Depth correction and core-log integration
Gamma-ray logs, which are acquired
with every tool string, are normally used to depth
match all of the logs obtained in any one hole. The gamma ray from
the Triple Combo is normally used as the base curve, and the gamma ray logs from
all the other tool strings are manually or automatically matched to it. The
depth shift applied to each gamma ray curve is propagated to all other
logs acquired by that tool string.
Gamma ray data can also be used for core-log
integration, by correlating the natural gamma results from the
Whole Core Multisensor Track (WC-MST) with the log curves.
Furthermore, because the gamma ray log responds principally to
fluctuations in the formation mineralogy, rather than physical
properties such as lithification, it is particularly useful for
making regional, inter-hole comparisons between major lithostratigraphic
units (Figure 1).
Figure 1: Regional correlation of major
lithostratigraphic units, using gamma ray data from Leg
189.
Identification of lithology, facies and depositional
environment
Naturally radioactive elements tend to have
a far greater concentration in shales than in other sedimentary
lithologies, and therefore the total gamma-ray log the Th log are
frequently used to derive a "shale volume" (Ellis,
1987 and Rider, 1996). In addition, the shape of the gamma log
curve may be used to reconstruct downhole fluctuations in grain
size, and infer changes in sedimentary facies: the standard approach
is to interpret bell shaped gamma curves as a fining-upwards sequence
and funnel shaped gamma curves as a coarsening-upward sequence
(Serra and Sulpice, 1975). These methods, however, are only likely
to be of use in simple sandstone/shale formations, and are subject
to error when a significant proportion of the gamma ray radioactivity
originates from the sand sized detrital fraction of the rock (see
Heslop, 1974 and Rider, 1990).
Gamma ray data may also be used to help interpret
the environment of deposition. Unconformities can result in the
accumulation of phosphatic nodules, which may be evident in the
spectral gamma log as an anomalous spike in U. Increased U values,
and in particular low Th/U ratios, may also be associated with
marine condensed sequences (Myers and Wignall, 1987). Doveton
(1991) used Th/U ratios to estimate paleo-redox conditions at
the time of deposition, which he used to identify generally transgressive
and regressive intervals.
Mineralogy / Geochemistry
The concentrations of the three main radioactive elements in
the formation can often be used to give an indication of the mineralogy
and/or geochemistry. For example, high Th values may be associated
with the presence of heavy minerals, particularly in channel sand
deposits overlying an erosional unconformity.
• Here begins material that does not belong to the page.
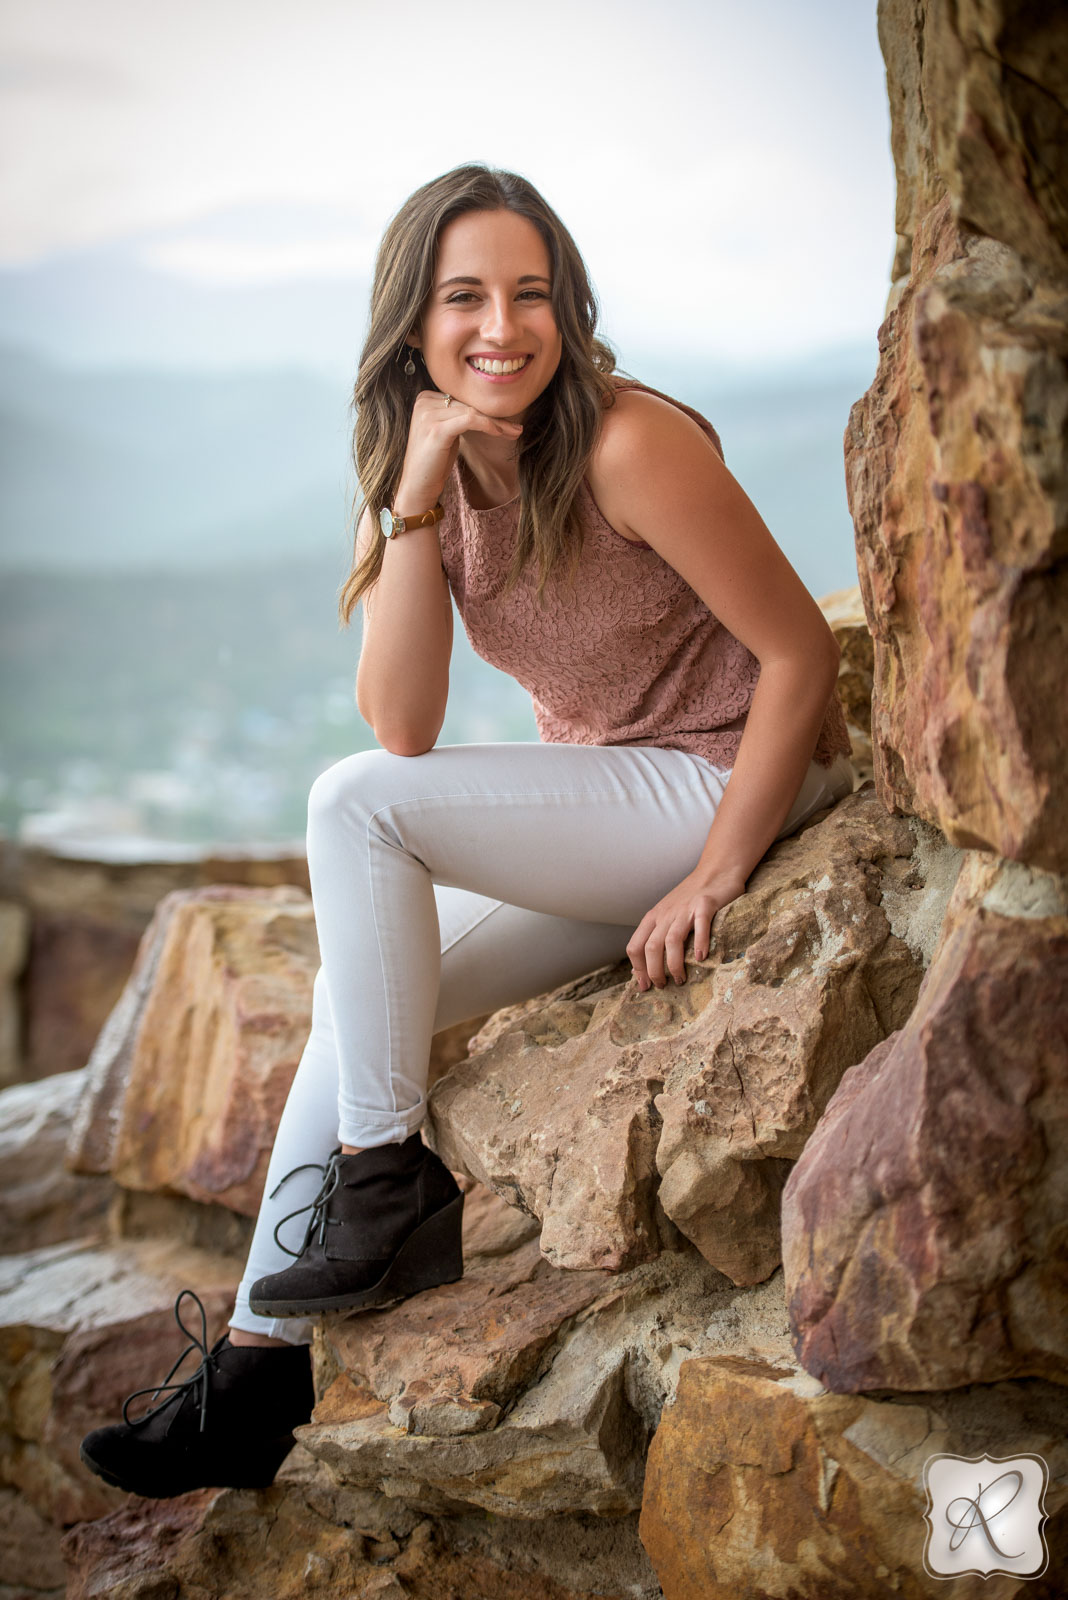 Senior pictures - sitting on a rock

Increased Th values
may also be associated with an increased input of terrigenous
clays (Hassan et al., 1976) (Figure 2).
Figure 2: Spectral gamma-ray data
from Hole 1124C, ODP Leg 181, showing high Th values in a mudstone unit
between 420-430 mbsf.
Increases in U are frequently associated with the presence of organic matter. For example, particularly high U concentrations (>~5 ppm)
and low Th/U ratios (<~2) occur in black shale deposits (Adams
and Weaver, 1958). In ODProgram, a correlation
can often be observed between the U log and the total organic
carbon values measured in the core (Figure 3).
. 
Figure 3: Spectral gamma-ray data from Hole 1172D, ODP Leg 189,
showing high U values in an organic-bearing claystone unit
between ~622-640 mbsf.
In sandstones, high K values may be caused by the presence
of potassium feldspars or micas (Humphreys and Lott, 1990,
and Hurst, 1990). Glauconite usually produces a very distinctive,
almost diagnostic spike in the K log (Figure 4).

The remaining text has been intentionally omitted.